Continuation funds in the pipeline include one by NewSpring Capital‘s vehicle for two assets held via its Growth Capital strategy, as reported.

Tough times for fundraising 

Despite these emerging liquidity solutions, the slow exit environment has helped fuel a shift in power from GPs to their investors as LPs become more selective in the face of lower distributions.

“Because of the absence of an IPO market and the absence of significant exits, funds are having a hard time returning capital to limited partners, and that’s got to turn around,”  says Alan Wink, managing director of capital markets at Eisner Advisory Group Eisner’s Wink. “With interest rates still relatively high, these LPs have alternatives where they can put their money.”

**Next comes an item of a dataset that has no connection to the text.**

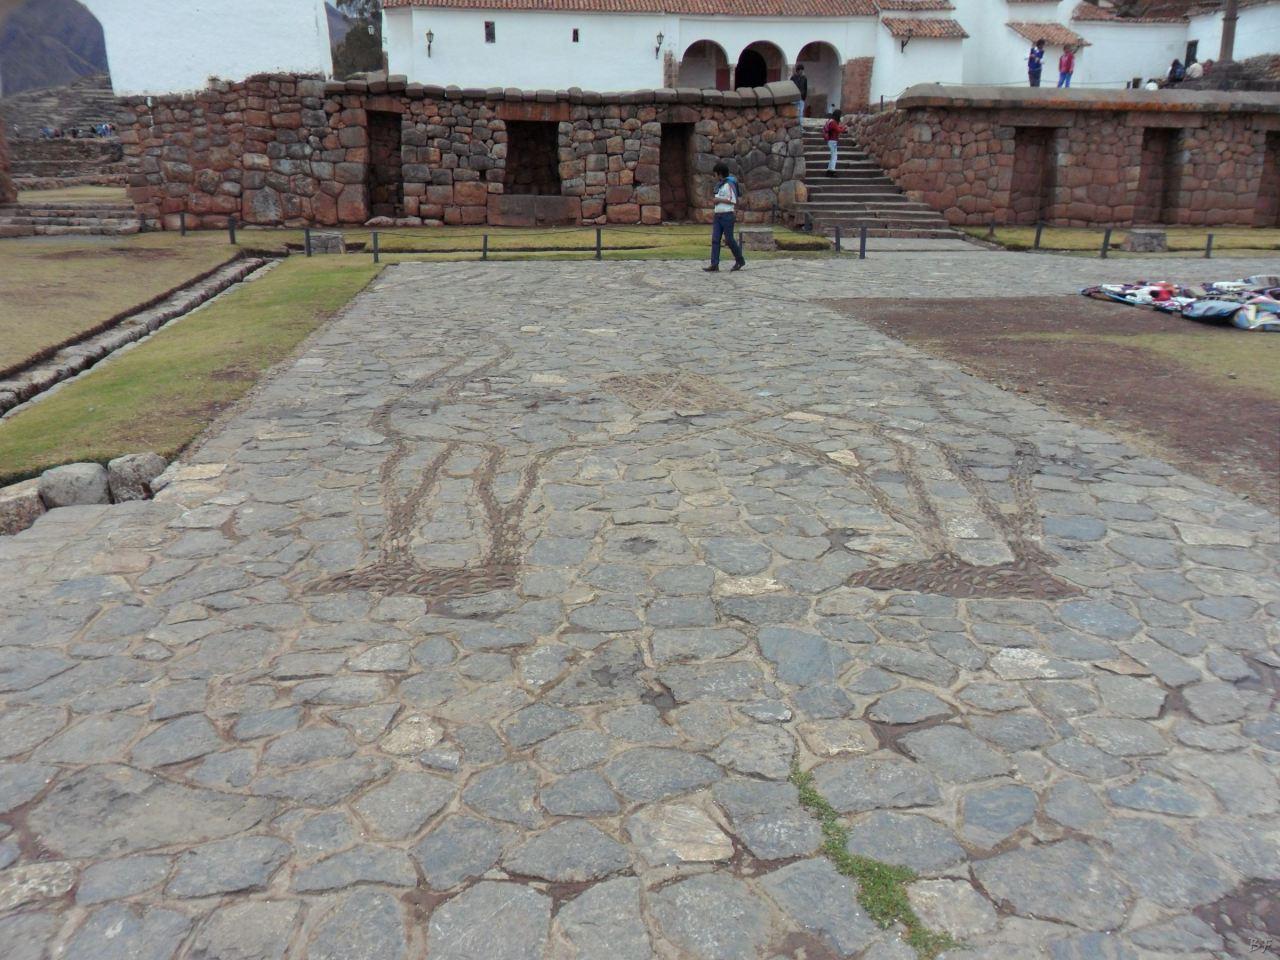 Chinchero-Mura-Poligonali-Piramide-Urubamba-Peru-6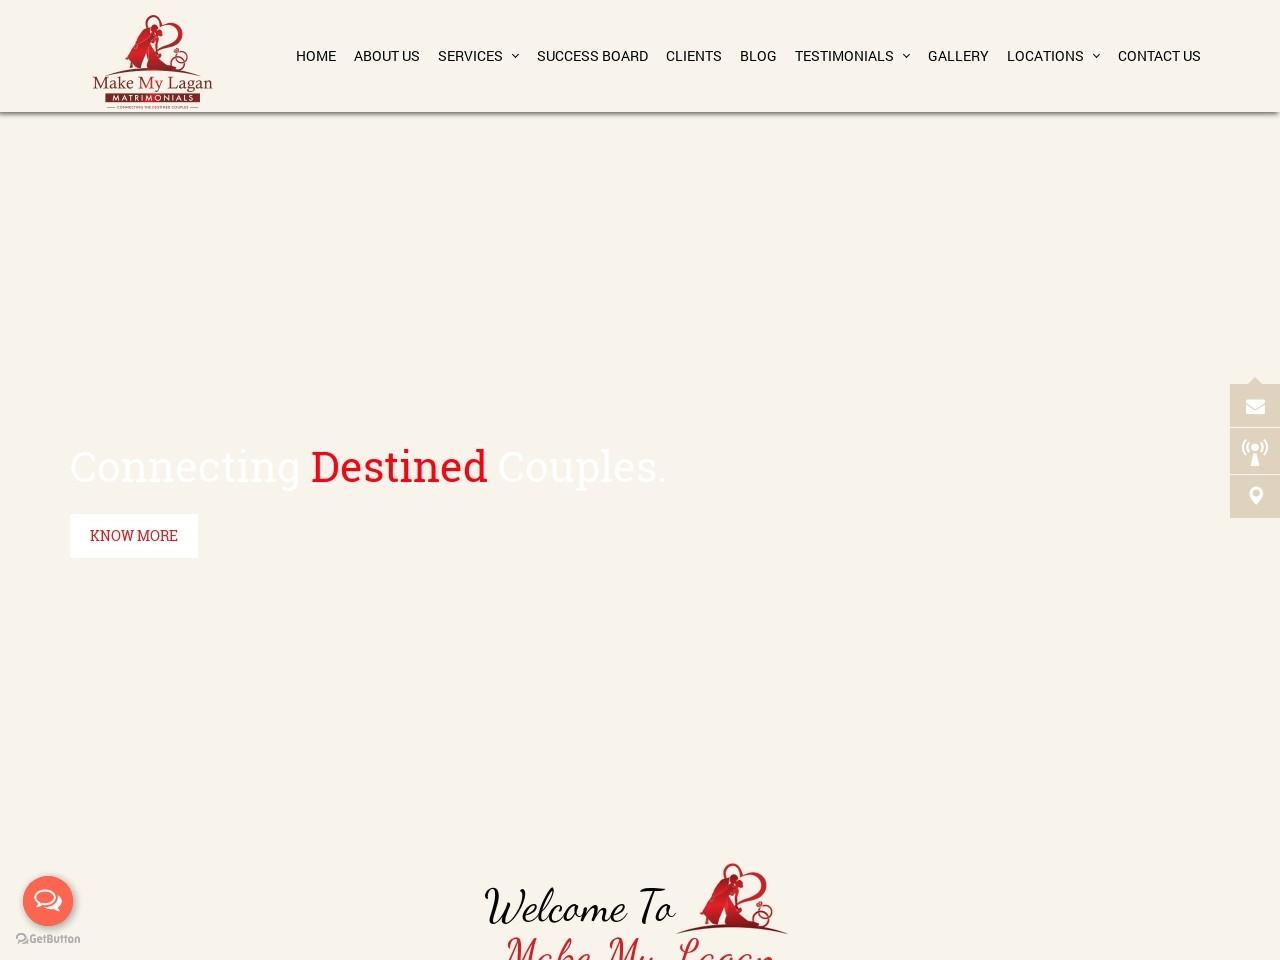 Personalized Matrimonial- MakeMyLagan's Forte

There has been a “flight to quality” as investors reassess how much risk they are willing to take now that the period of frothy valuations in 2021 and 2022 has come to a close, he adds. Only top performers are raising capital from LPs in the current environment.

The largest fundraises in 1H24 included Silver Lake’s closure of its seventh flagship fund at USD 20.5bn in May, Vista Equity Partners’ reported USD 20bn close of its eight flagship fund in April, and TPG’s reported USD 15.6bn fundraise, which closed in April.

While these megacap vehicles have closed successfully, the cutthroat fundraising environment has been particularly felt by middle-market buyout shops, says Asante’s Davidson. LPs are less willing to take on new relationships in this market segment and have already “made their picks” in many cases, he said. The firm has been seeing GPs have success with cross-border offerings, however, such as US GPs raising capital outside the US and vice versa, he added.

Nevertheless, sentiment has started to shift over the last few quarters, he noted. A survey conducted by the private markets placement firm found that 75% of LPs expect higher distributions in 2024 compared to 2023, and 72% of LPs plan to increase their PE exposure.

Even with the slowdown in fundraising, GPs are under pressure to deploy more capital. “Because M&A, and therefore deployment, has subsided over the last few years, financial sponsors have quite a bit of dry powder to put to work,” says Davidson.

Looking forward to 2025, Bain Capital’s Humphrey predicts that “we will see some continued increase in deal activity and, for at least a period of time, continued good economic outlook.”

“We’re just finding that it’s an environment right now where it requires a little more creativity to make deals happen,” he says. “You’ve got to have real insight and you’ve got to be able to support the businesses to drive growth because you’re gonna be buying them with higher cost capital structure than it would have been a few years ago.”